Adding on to the previous comment, there are a few things which are happening in the matlab script that are not in the R:
[tarr; tarr(i, :)-log(rand(1, nproc))/lambda]; from my understanding, you are adding another row to your matrix and populating it with tarr(i, :)-log(rand(1, nproc))/lambda].
You will need to use a different method as Matlab and R handle this type of thing differently.
One glaring thing that stands out to me, is that you seem to be using R: tarr[i] and M: tarr(i, :) as equals where these are very different, as what I think you are trying to achieve is all the columns in a given row i so in R that would look like tarr[i, ]
Now the use of min is also different as R: min() will return the minimum of the matrix (just one number) and M: min() returns the minimum value of each column. So for this in R you can use the Rfast package Rfast::colMins.

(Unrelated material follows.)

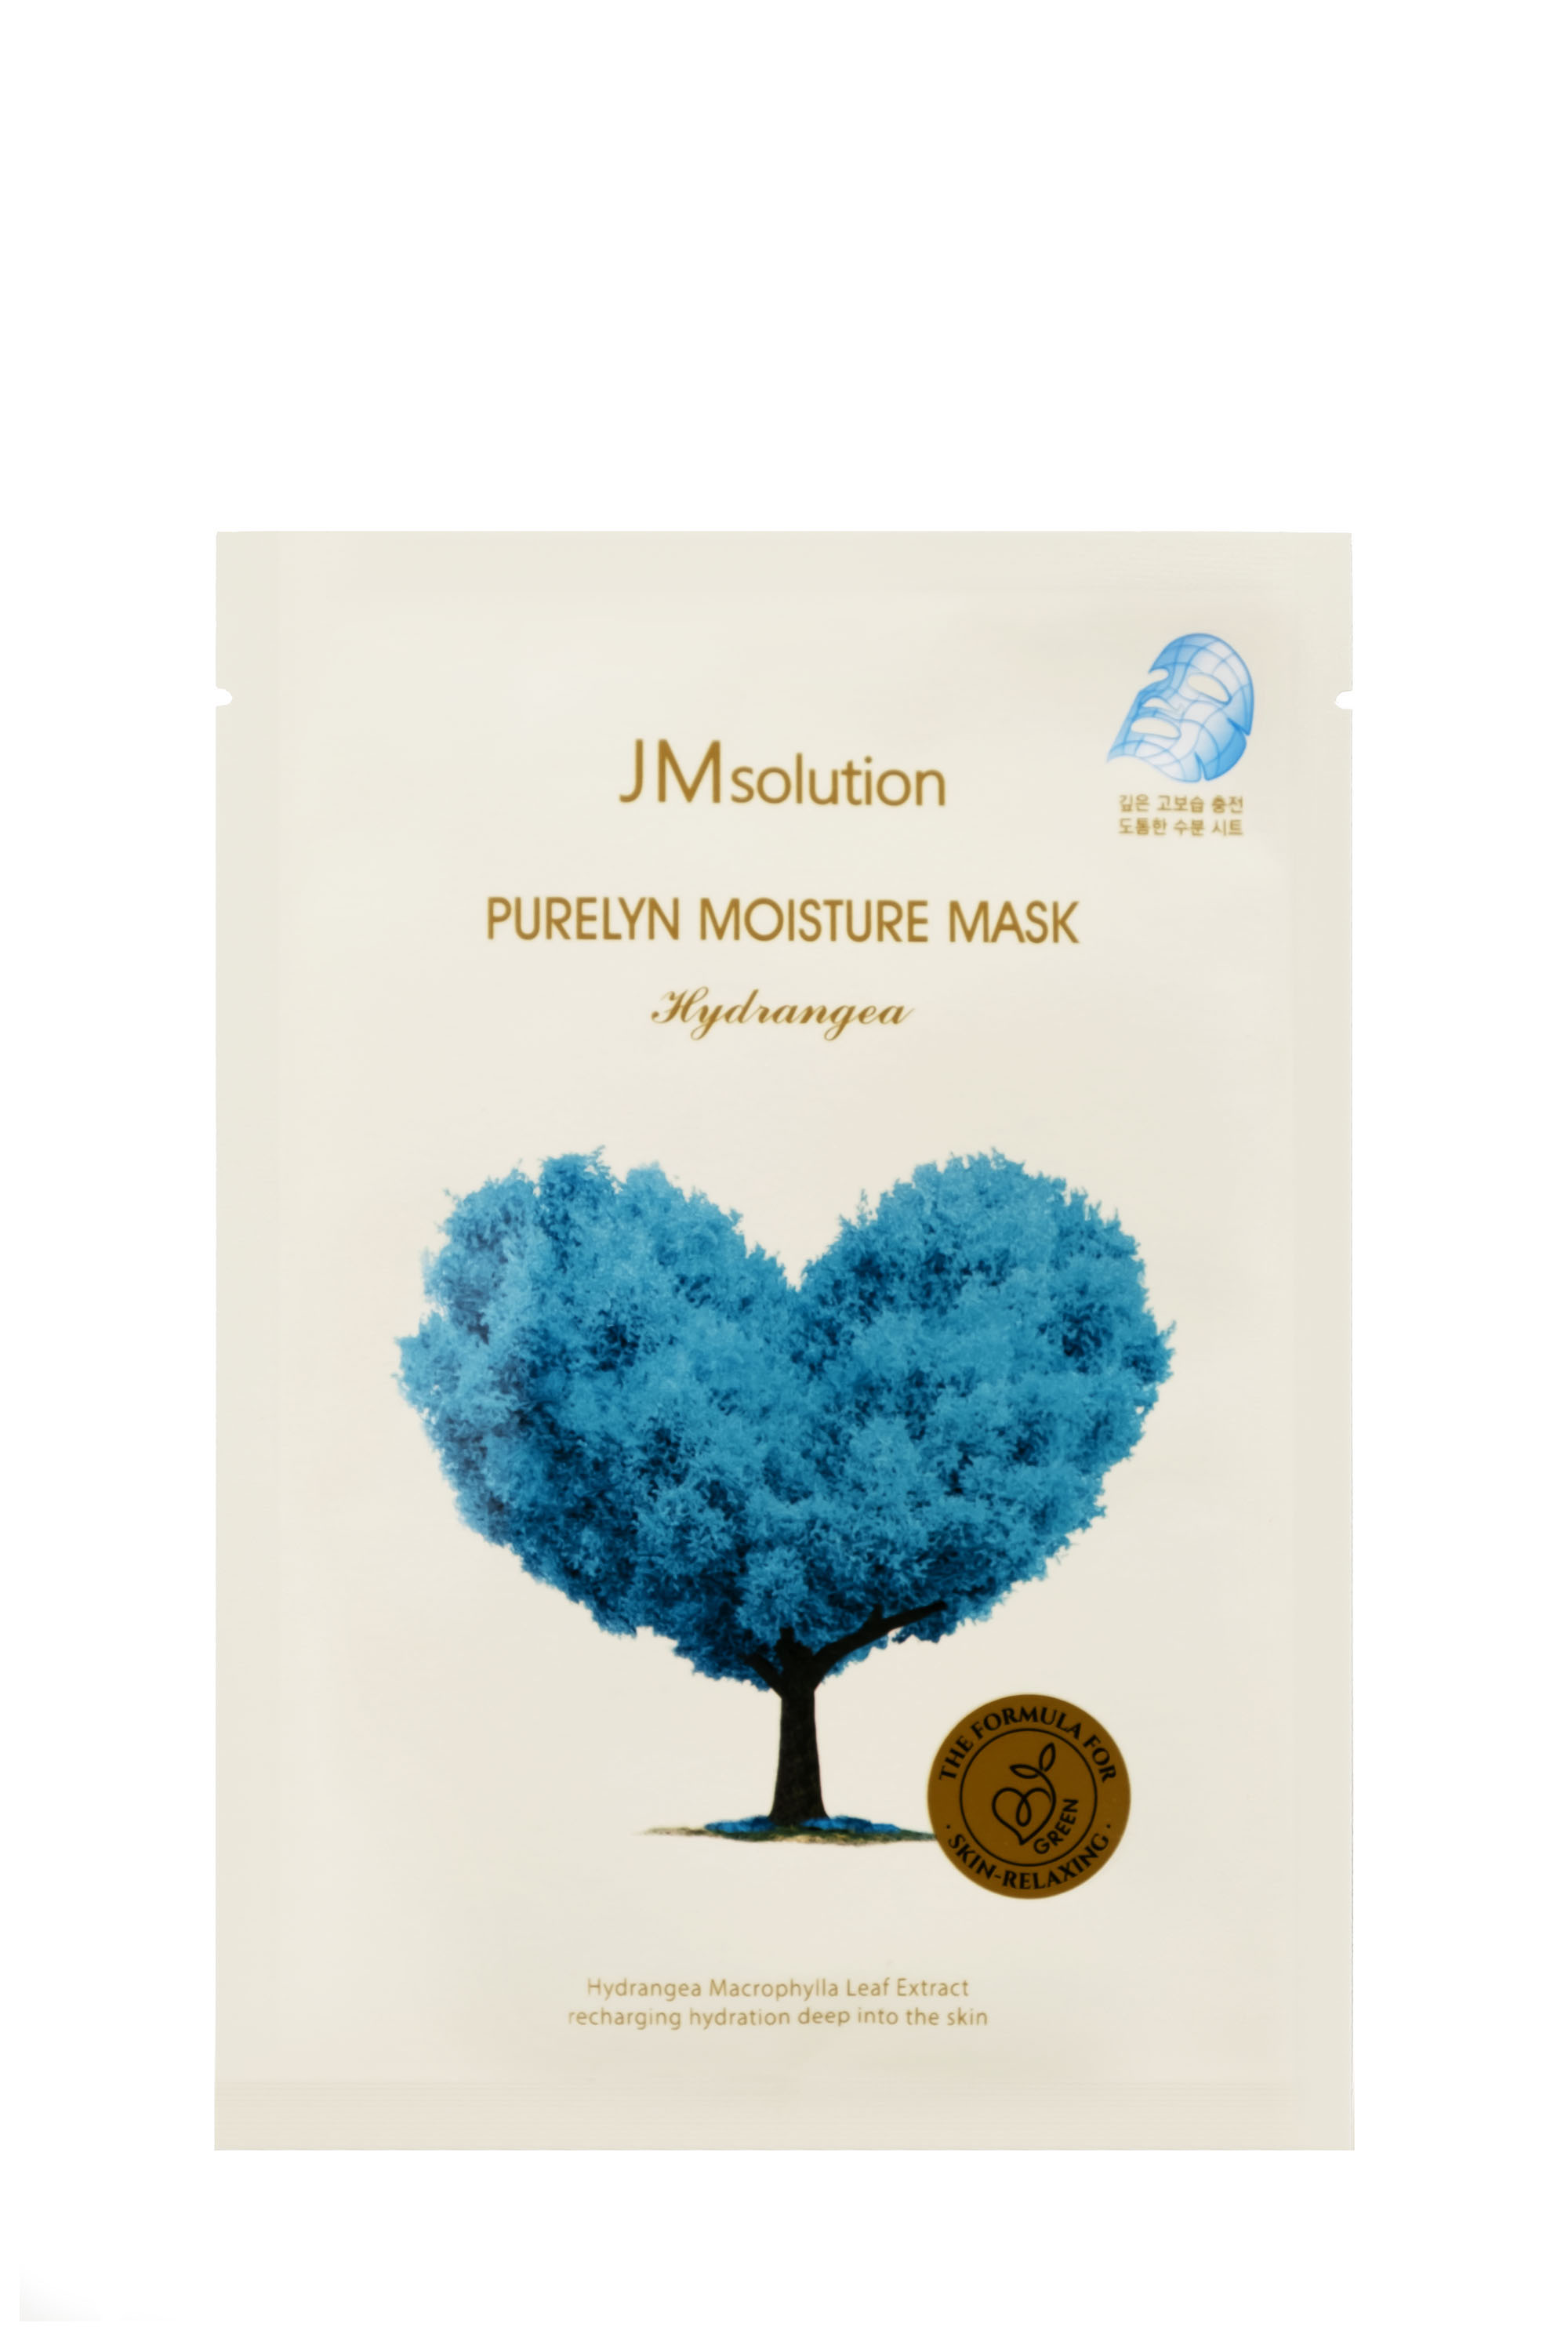  JMsolution Purelyn Moisture Mask 3..

The stairs part is something I am not familiar with much but something like ggplot2::qplot(..., geom = "step") may work.
Now I have tried to create something that works in R but am not sure really what the required output is. But nevertheless, hopefully some of the basics can help you get it done on your side. Below is a quick try to achieve something!
nproc <- 40
T0 <- 3
lambda <- 4
i <- 1
tarr <- matrix(rep(0, nproc), nrow = 1, ncol = nproc)

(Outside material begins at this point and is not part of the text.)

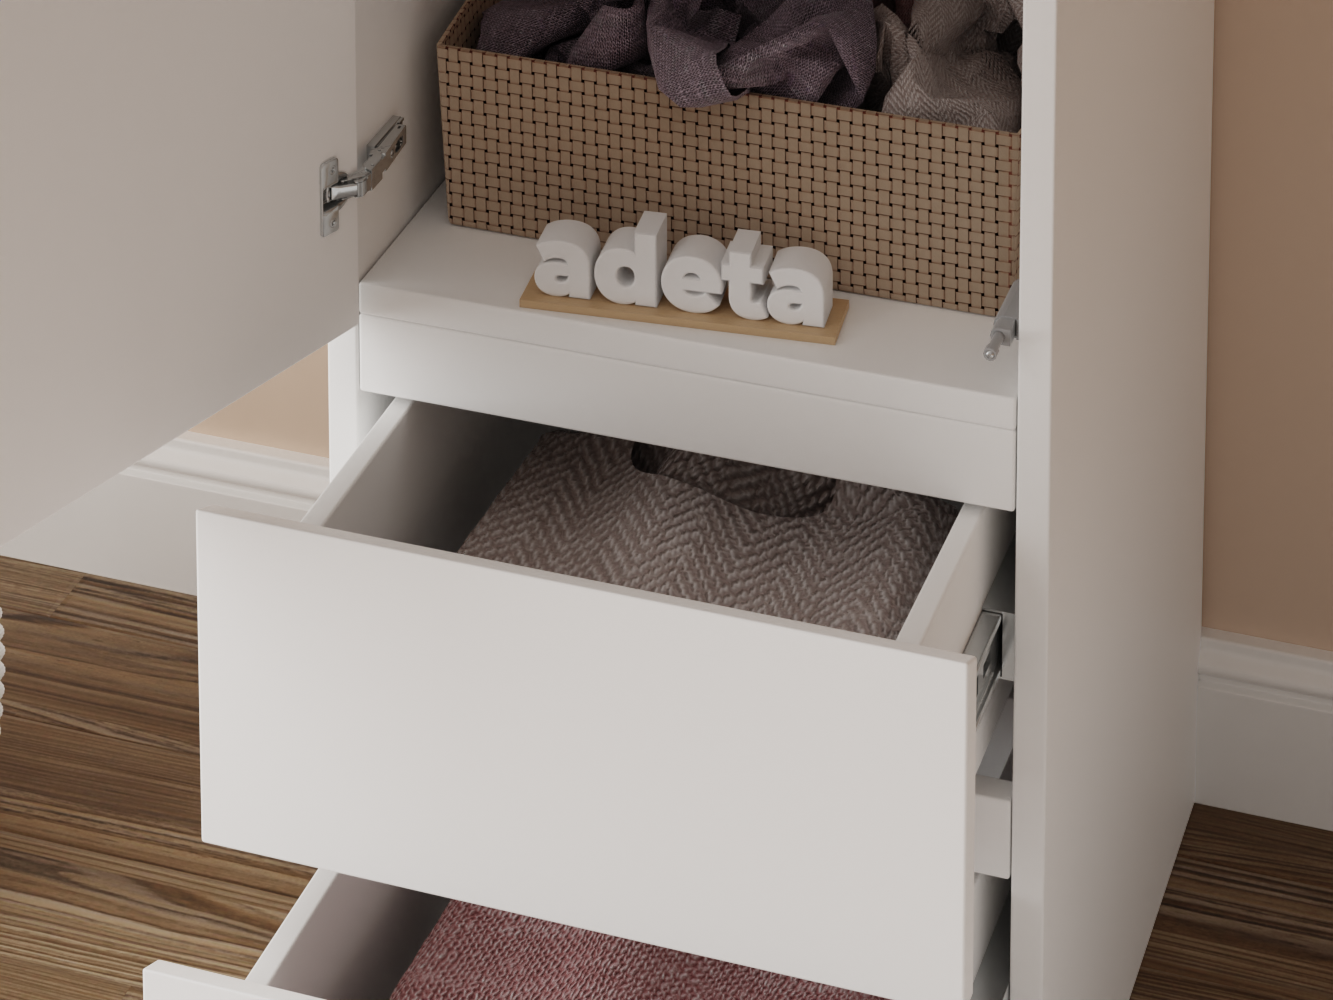 Распашной шкаф Мальм 316 white ИКЕА (IKEA) изображение товара

while(min(tarr[i, ]) <= T0){
# Major alteration, create a temporary row from previous row in tarr
temp <- matrix(tarr[i, ] - log((runif(nproc))/lambda), nrow = 1)

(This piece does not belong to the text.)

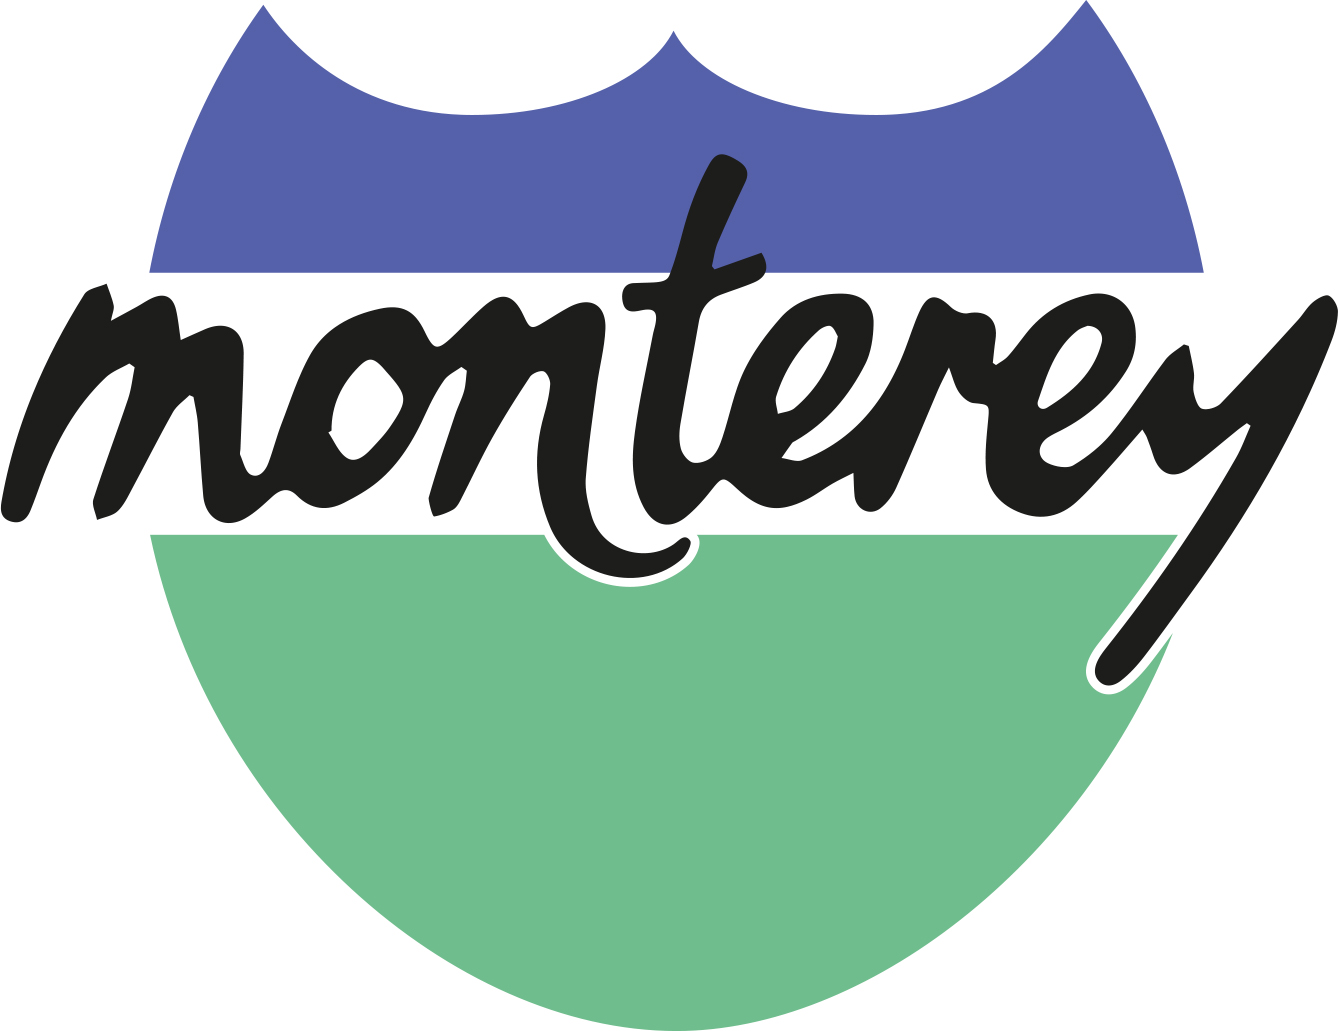 Logo Monterey

# Join temp row to tarr matrix
tarr <- rbind(tarr, temp)
i = i + 1
}
# I am not sure what was meant by tarr' in the matlab script I took it as inverse of tarr
# which in matlab is tarr.^(-1)??
tarr2 = tarr^(-1)
library(ggplot2)
library(Rfast)
min_for_each_col <- colMins(tarr2, value = TRUE)
qplot(seq_along(min_for_each_col), sort(min_for_each_col), geom="step")
As you can see I have sorted the min_for_each_col so that the plot is actually a stair plot and not some random stepwise plot. I think there is a problem since from the Matlab code 0:size(tarr2, 1)-1 gives the number of rows less 1 but I cant figure out why if grabbing colMins (and there are 40 columns) we would create around 20 steps. But I might be completely misunderstanding! Also I have change T to T0 since in R T exists as TRUE and is not good to overwrite!
Hope this helps!
I downloaded GNU Octave today to actually run the MatLab code. After looking at the code running, I made a few tweeks to the great answer by #Croote
nproc <- 40
T0 <- 3
lambda <- 4
i <- 1
tarr <- matrix(rep(0, nproc), nrow = 1, ncol = nproc)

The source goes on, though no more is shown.